In finding a verdict for the complainant under this instruction the jury must have found that Sherman called upon Nims before his purchase; that Nims did not disclose to Sherman the fact that he owned the equity of redemption, and that he promised to surrender possession without insisting upon any repayment of the sum he had paid to Wheaton. Under these circumstances the circuit judge was of opinion that Nims was estopped from claiming otherwise than as tenant at will, or at sufferance under Sherman. It will be observed from the facts given that Nims was never tenant of any sort to Wheaton. On the contrary he was owner of the legal title, and Wheaton, as purchaser under the defective foreclosure, was in the position of mortgagee only. Gilbert v. Cooley Wal. Ch. 494. Wheaton could therefore only recover possession from Nims by new proceedings in foreclosure. But Wheaton had verbally sold his mortgage interests to Nims, and had received upon the. sale $200, and he had such rights against Nims as this sale would give him. If the sale were to be regarded as a sale of lands, it would be void because not in writing (Scott v. Bush 26 Mich. 418), and Nims might have refused *51to perform on his part and recovered back the sum he had paid (Scott v. Bush 29 Mich. 523). But assuming it to be a sale of chattels merely, with a part-payment of the purchase price, Wheaton could enforce it only by suing Nims for the remainder of the purchase money, or by foreclosure, allowing in that case what Nims had paid. There had never been any understanding, oral or otherwise, betweem Nims and Wheaton, that the latter should receive from the former a conveyance of his legal estate.

When therefore Sherman went to see Nims previous to buying of Wheaton — if he did so, as he says — Nims owned the land subject to two mortgages, which he had bargained to purchase, but found himself unable to pay for. Under these circumstances he had orally agreed to give up possession to Wheaton or to a purchaser from him, but whether without conditions or upon conditions is in dispute. Concede, as the jury must have found, that it was without conditions, and we have only the ease of the owner of the legal title agreeing orally to yield up possession to the mortgagee or to his grantee, without awaiting a foreclosure. It is not claimed, that such an agreement could have any legal force whatsoever.

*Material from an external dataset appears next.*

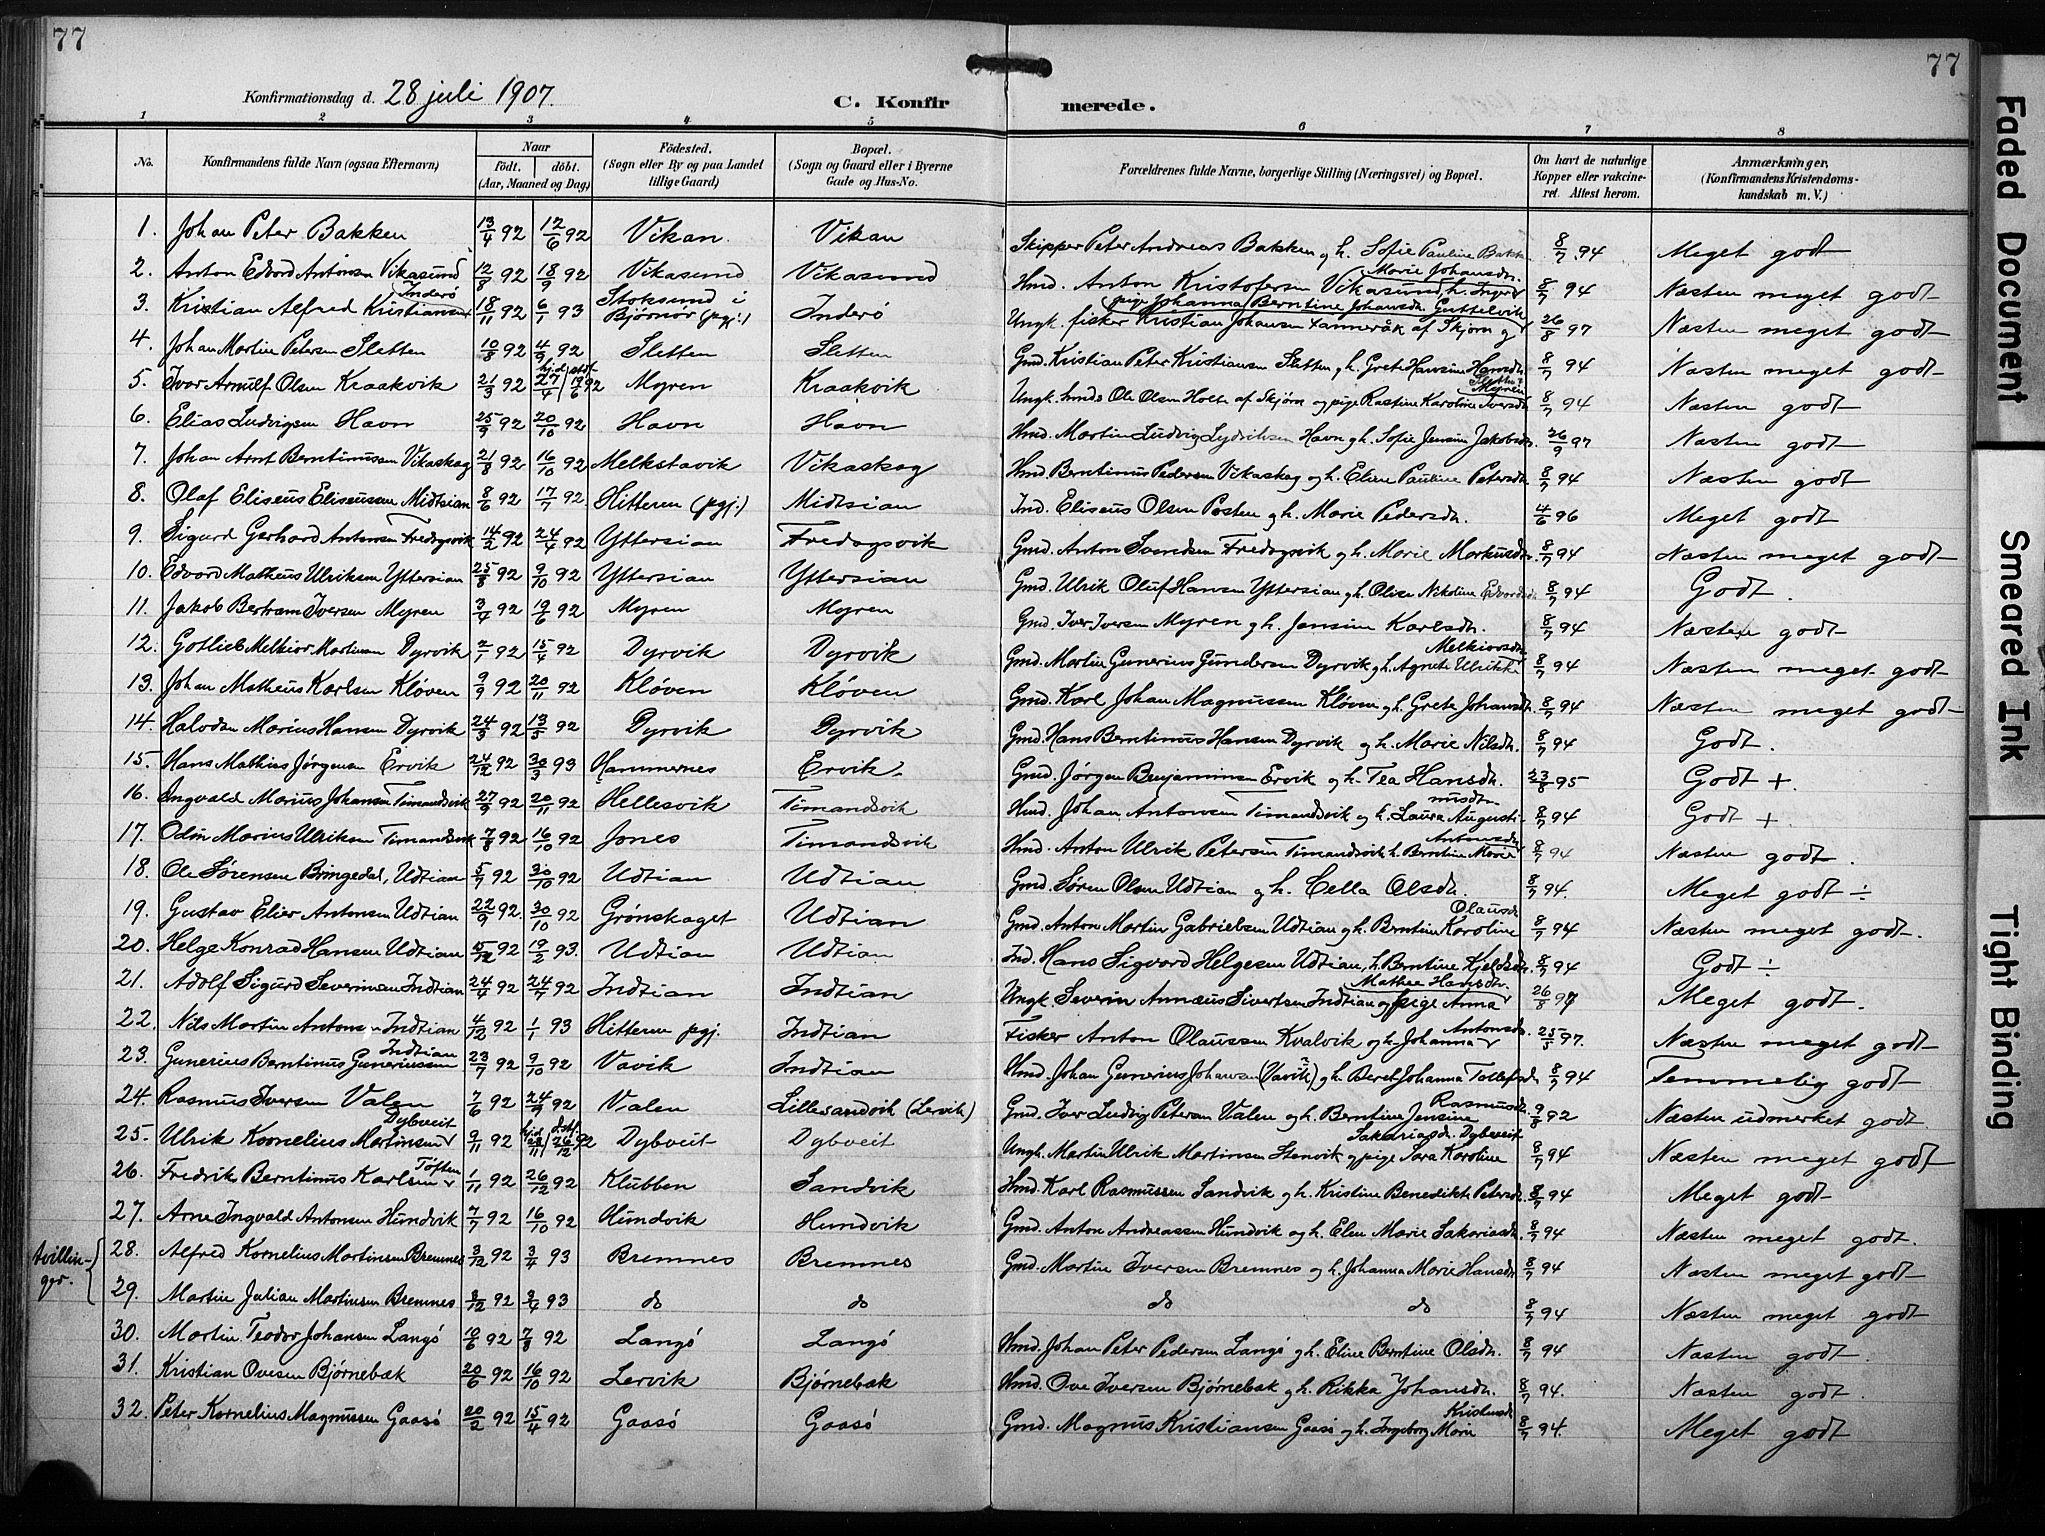 SAT, Ministerialprotokoller, klokkerbøker og fødselsregistre - Sør-Trøndelag, 640/L0580: Ministerialbok nr. 640A05, 1902-1910, s. 77

Can the agreement receive legal vitality from the fact that Nims repeated it to Sherman without informing Sherman that he held any interést in the land otherwise than under Sherman? The circuit judge seems to have been of opinion that under such circumstances Sherman was justified in supposing Nims was merely a tenant of Wheaton, who could not dispute his landlord’s title. One who is a tenant in fact, it is justly held, shall not dispute the title under which he has obtained possesion, even though he has since acquired a better title (Falkner v. Beers 2 Doug. (Mich.) 117; Ryerson v. Eldred 18 Mich. 12); but when he has surrendered the possession obtained by means of the tenancy, he may at once turn about and try titles with his late landlord. Now this principle has no application to a case in which the party in possession did not enter under the other, and has *52never' made himself the other’s tenant in fact; as it is clear Nims had not in this case. Moreover, if the estoppel is valid to prevent Nims retaining possession as against Sherman, it must be valid to prevent his after-wards setting up his title against that of Sherman; for if Sherman has any equity whatever it is one that must operate to the complete protection of his title. Thus the estoppel in the case must go quite beyond that which precludes the tenant from disputing the tenancy, since that is temporary only. It must be an estoppel that in legal effect will absolutely preclude Nims from setting up at any time the legal title which he confessedly owns; and give to Sherman the benefit of a transfer of it.

In Cook v. Finkler 9 Mich. 131, a mortgagee was held estopped from claiming under his mortgage when he had by his statements induced a purchaser to believe that the mortgage was no longer a lien on the land. As mortgages are chattel interests in this State, and may be transferred without writing (Cooper v. Ulmann Wal. Ch. 251; Martin v. McReynolds 6 Mich. 70), and moreover may be paid and extinguished without making use of any writing, we need say of the case of Cook v. Finkler only this, that it must stand on the principles of estoppel that are applied in the case of personal property. But in Hayes v. Livingston 34 Mich. 384, pains were taken to show that the doctrine of estoppel by actions, oral statements or silence, could never have the effect to pass a title which the statute expressly declares shall be transferred by deed only. The facts of that case were very similar to those in question here, and we have no occasion to qualify or change anything which was there said. This ease affords a good illustration of the wisdom of the statute, and of the principle it establishes. The jury found the estoppel on very unsatisfactory evidence, for even on Sherman’s testimony there is much reason for believing that Nims expected what he had paid would be returned to him before he gave possession. It is true his interest was small, but this does not affect the ap*53plication of the principle. A valuable farm may as easily be taken on such doubtful testimony as may the most insignificant interest. But it suffices to say here that the statute establishes the principle, and even hard cases cannot override it.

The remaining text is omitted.